Everything from the line containing "高岡御車山祭2018の交通規制情報" through the line containing "Balenciaga Glow In" in the listing below should be copied exactly, and nothing more.

- [RECORDS SHOWN]:
^^^^^^^^^^^^^^^^

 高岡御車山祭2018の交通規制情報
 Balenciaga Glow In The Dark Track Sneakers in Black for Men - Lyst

^^^^^^^^^^^^^^^^

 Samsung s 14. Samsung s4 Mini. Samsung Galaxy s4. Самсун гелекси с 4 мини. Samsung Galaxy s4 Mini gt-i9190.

^^^^^^^^^^^^^^^^

- [REPLY]:
 高岡御車山祭2018の交通規制情報
 Balenciaga Glow In The Dark Track Sneakers in Black for Men - Lyst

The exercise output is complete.